#### [ASSIGNMENT]
Nothing but the pictures may be dropped; the rest of the listing is to be written out exactly.

#### [INFORMATION PROVIDED]
◆ ◆ ◆

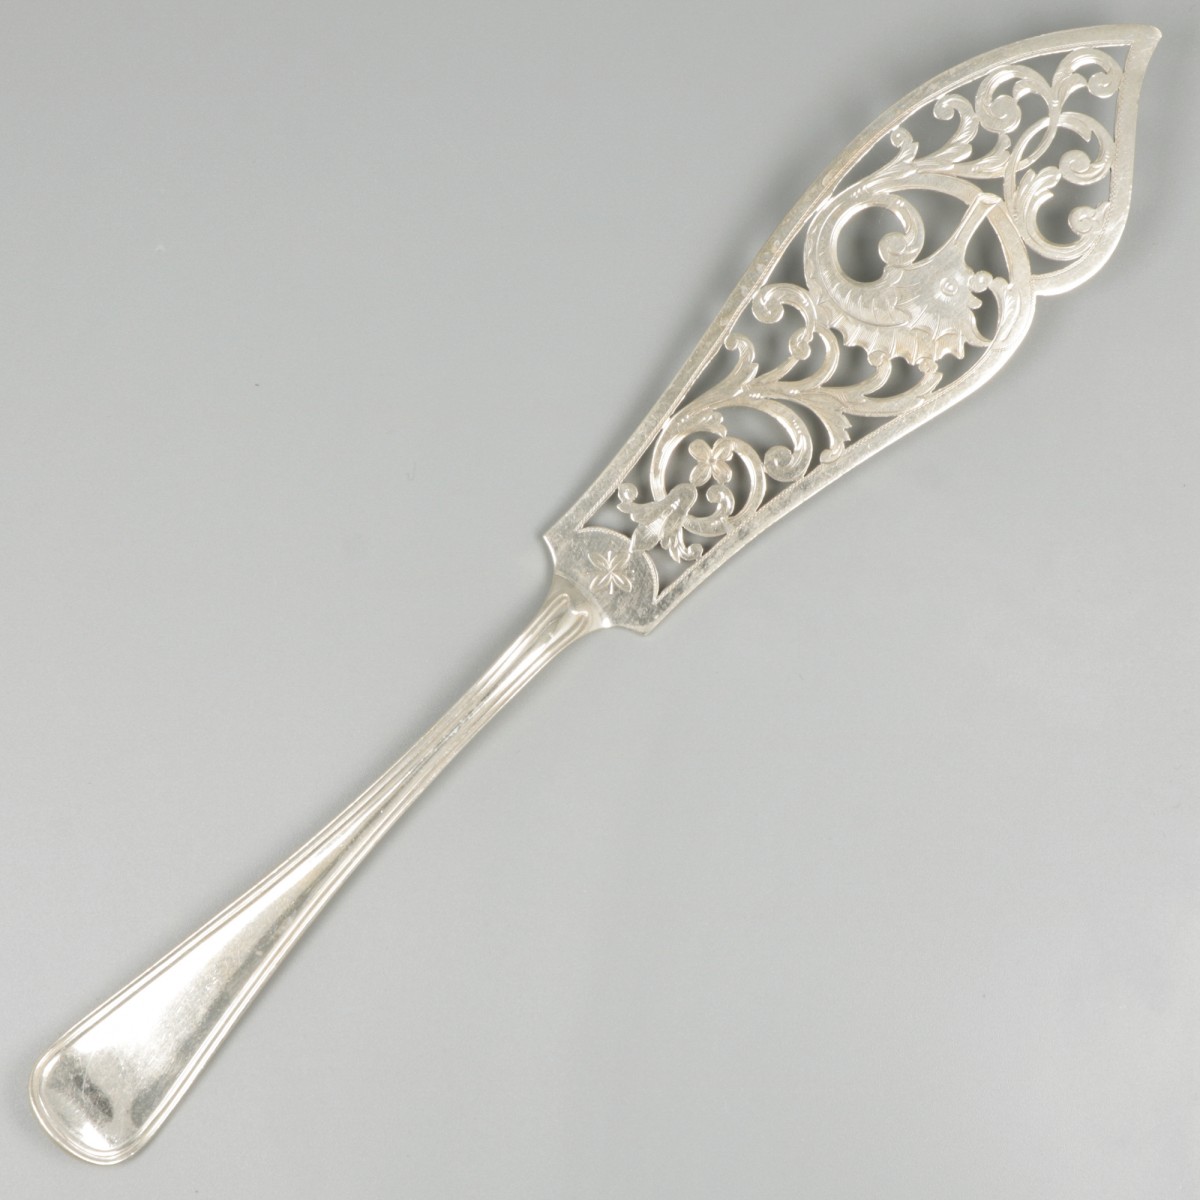 2-piece fish serving set silver. - Image 4 of 9
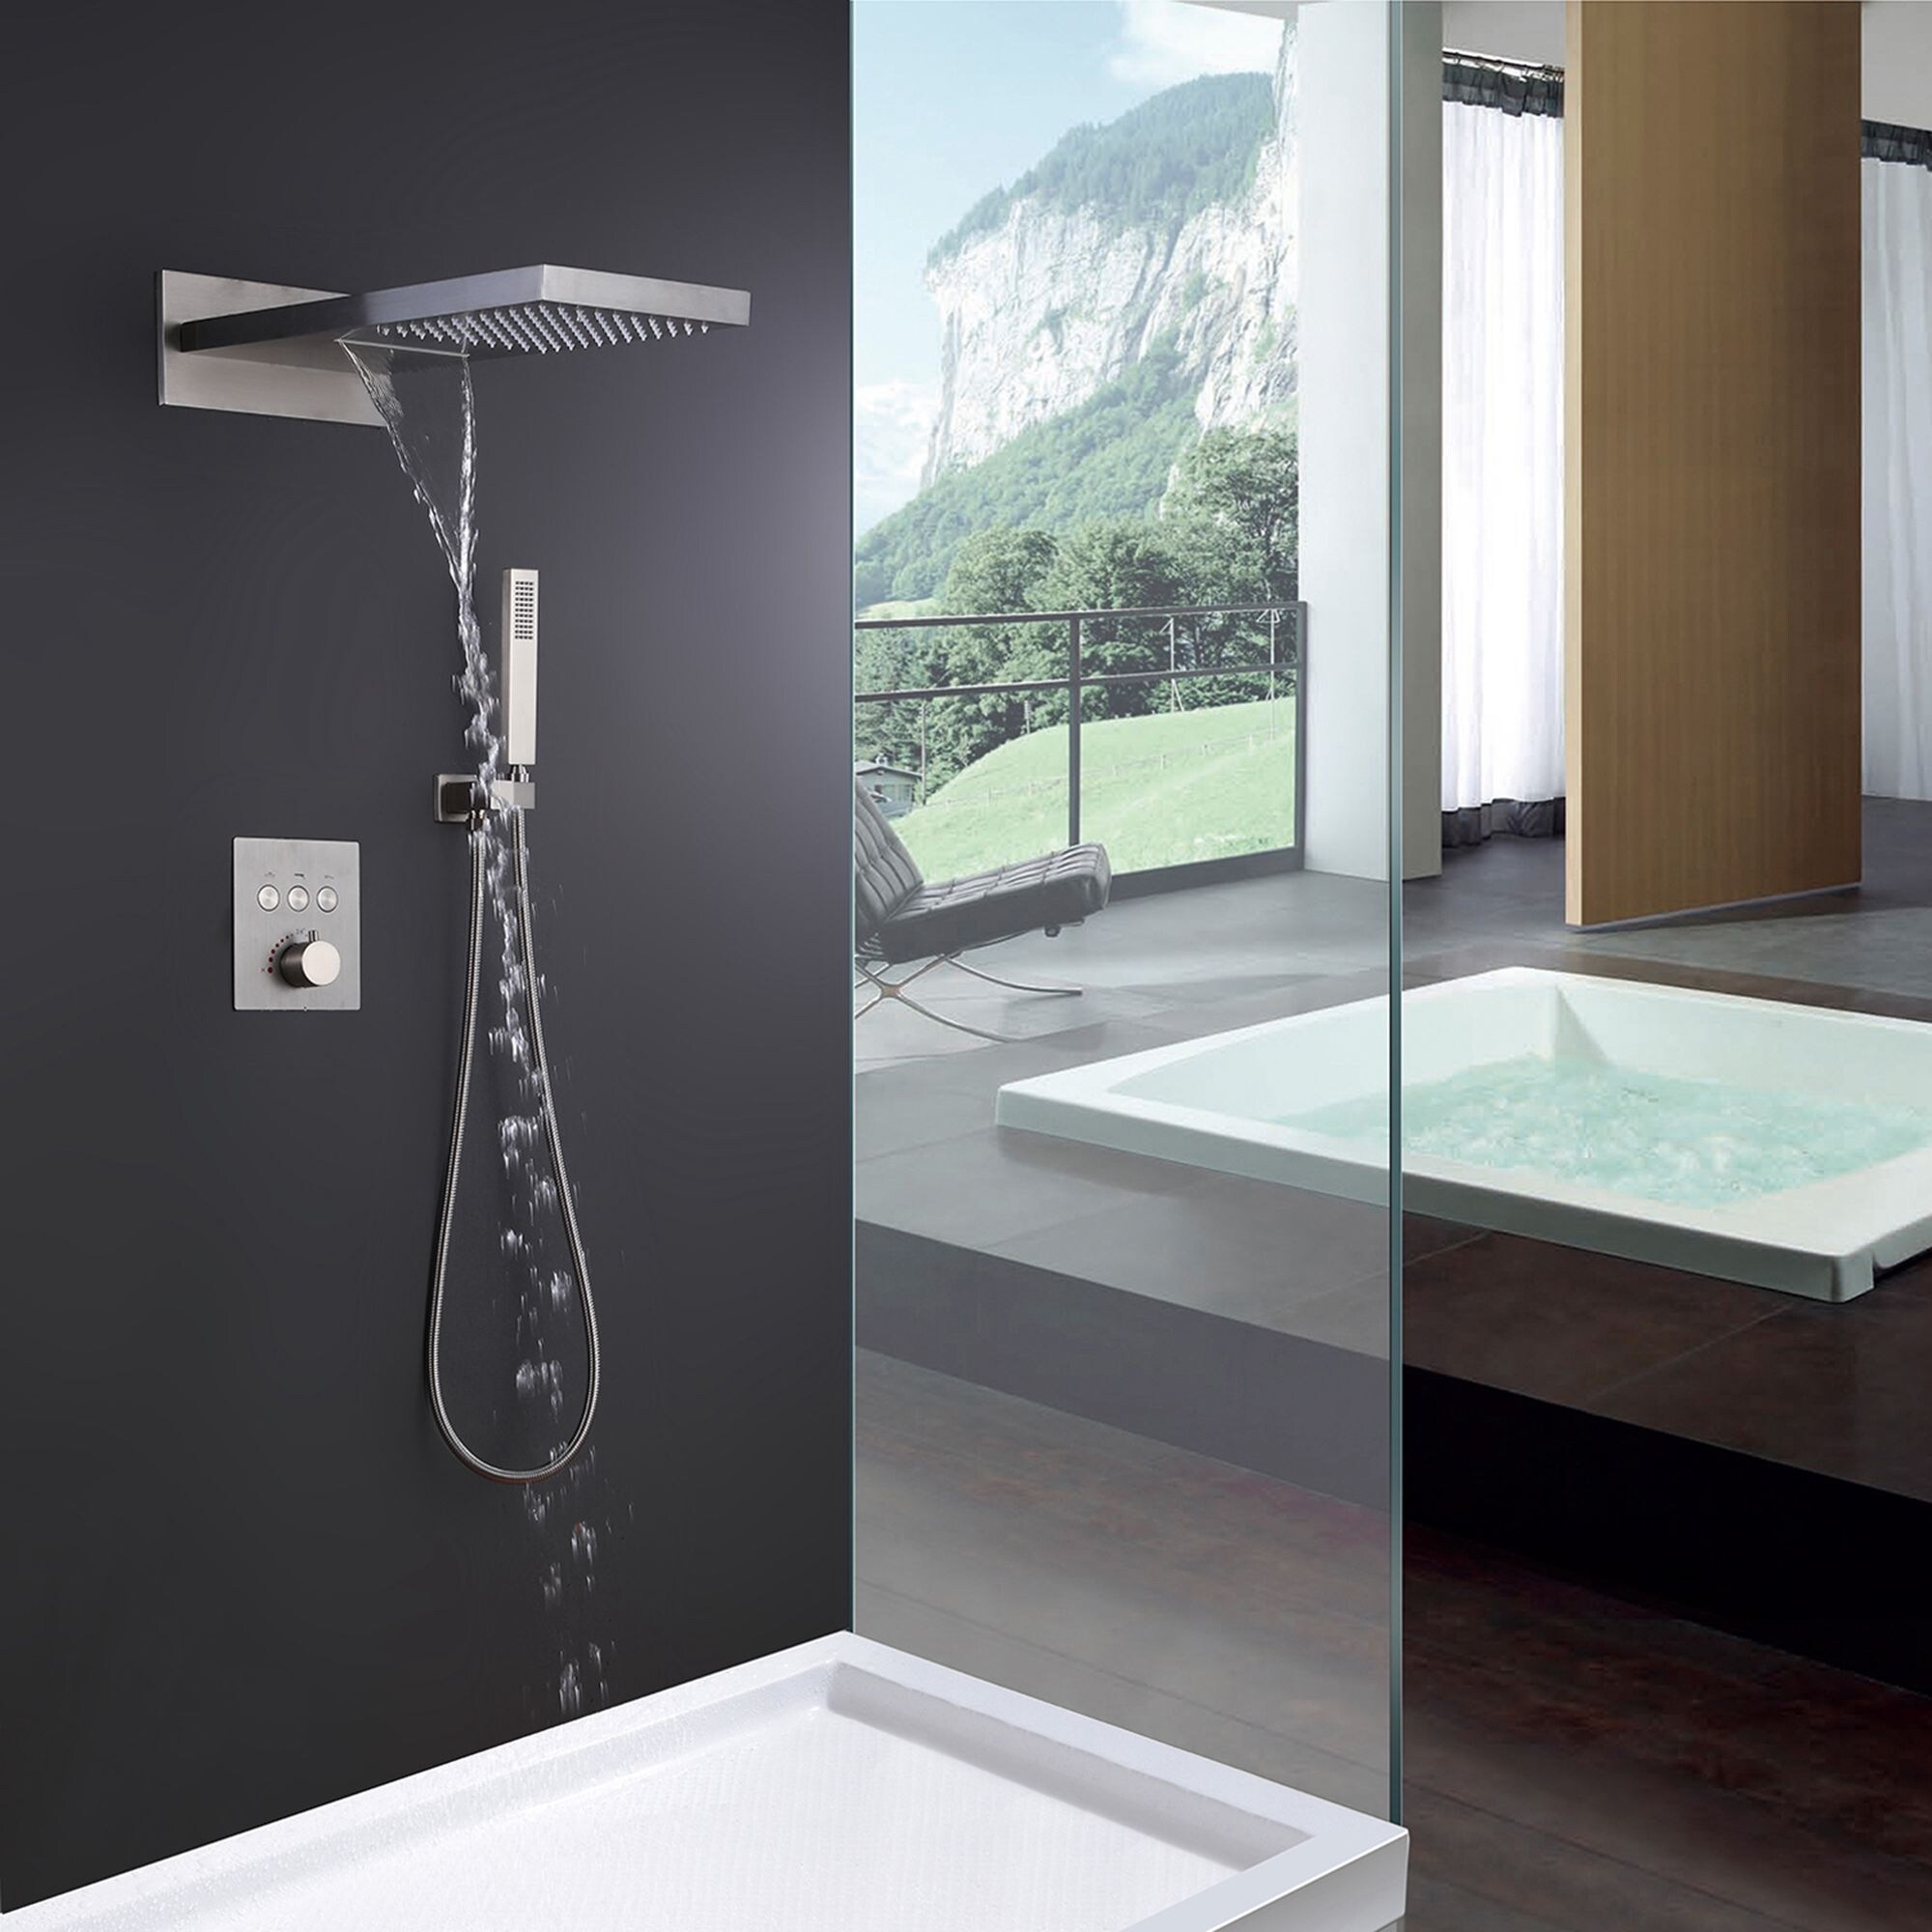 https://ak1.ostkcdn.com/images/products/is/images/direct/c85b3ce2bf07aebe768116ce5046144d09dc2627/Thermostatic-Complete-Shower-System-with-Rough-in-Valve.jpg
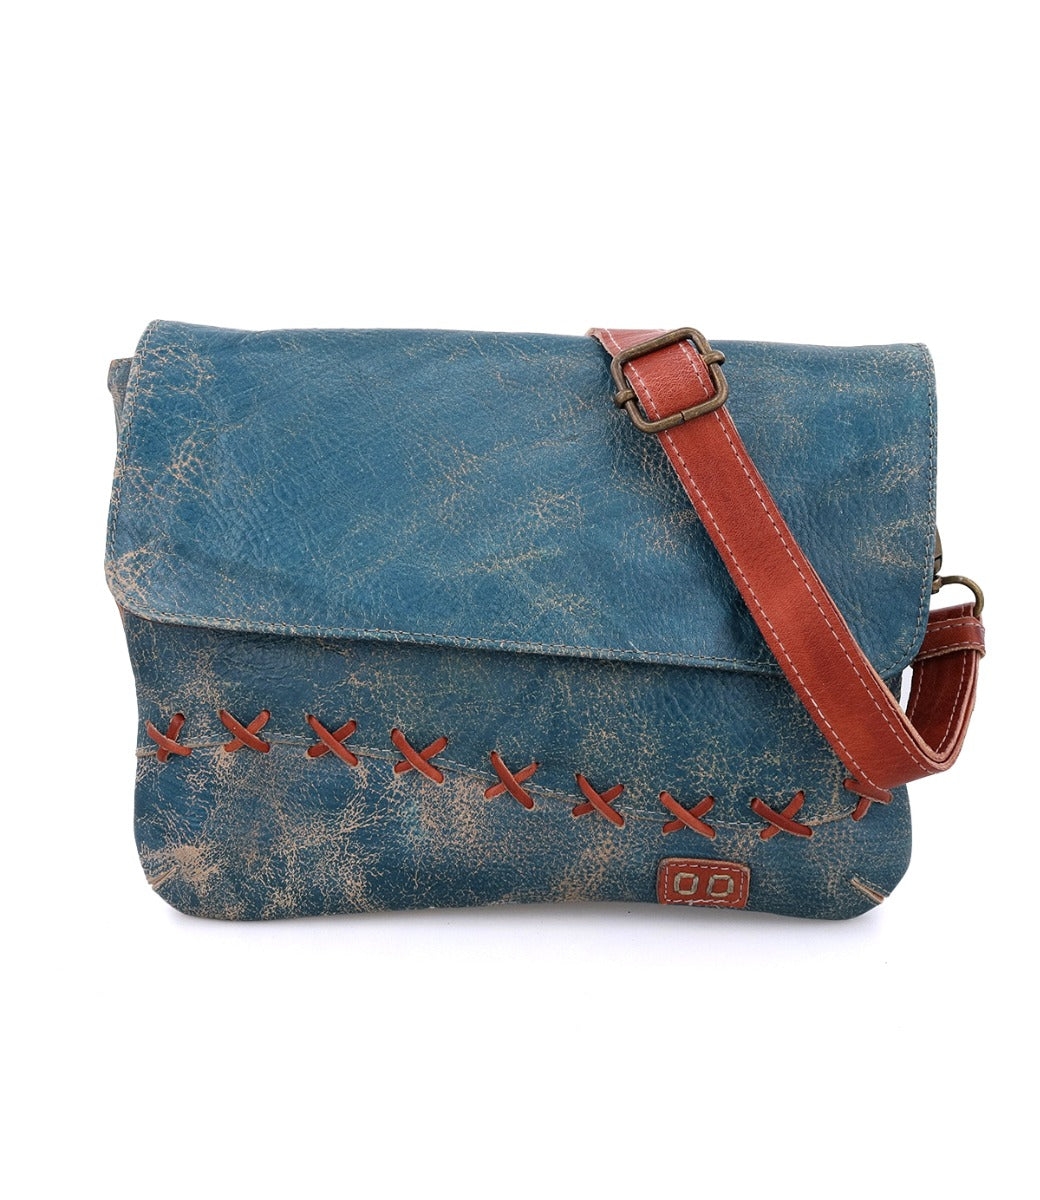 A blue and red leather Cleo crossbody bag by Bed Stu.

◆ ◆ ◆

#### [OUTPUT OF THE TASK]
 2-piece fish serving set silver. - Image 4 of 9
 https://ak1.ostkcdn.com/images/products/is/images/direct/c85b3ce2bf07aebe768116ce5046144d09dc2627/Thermostatic-Complete-Shower-System-with-Rough-in-Valve.jpg
 A blue and red leather Cleo crossbody bag by Bed Stu.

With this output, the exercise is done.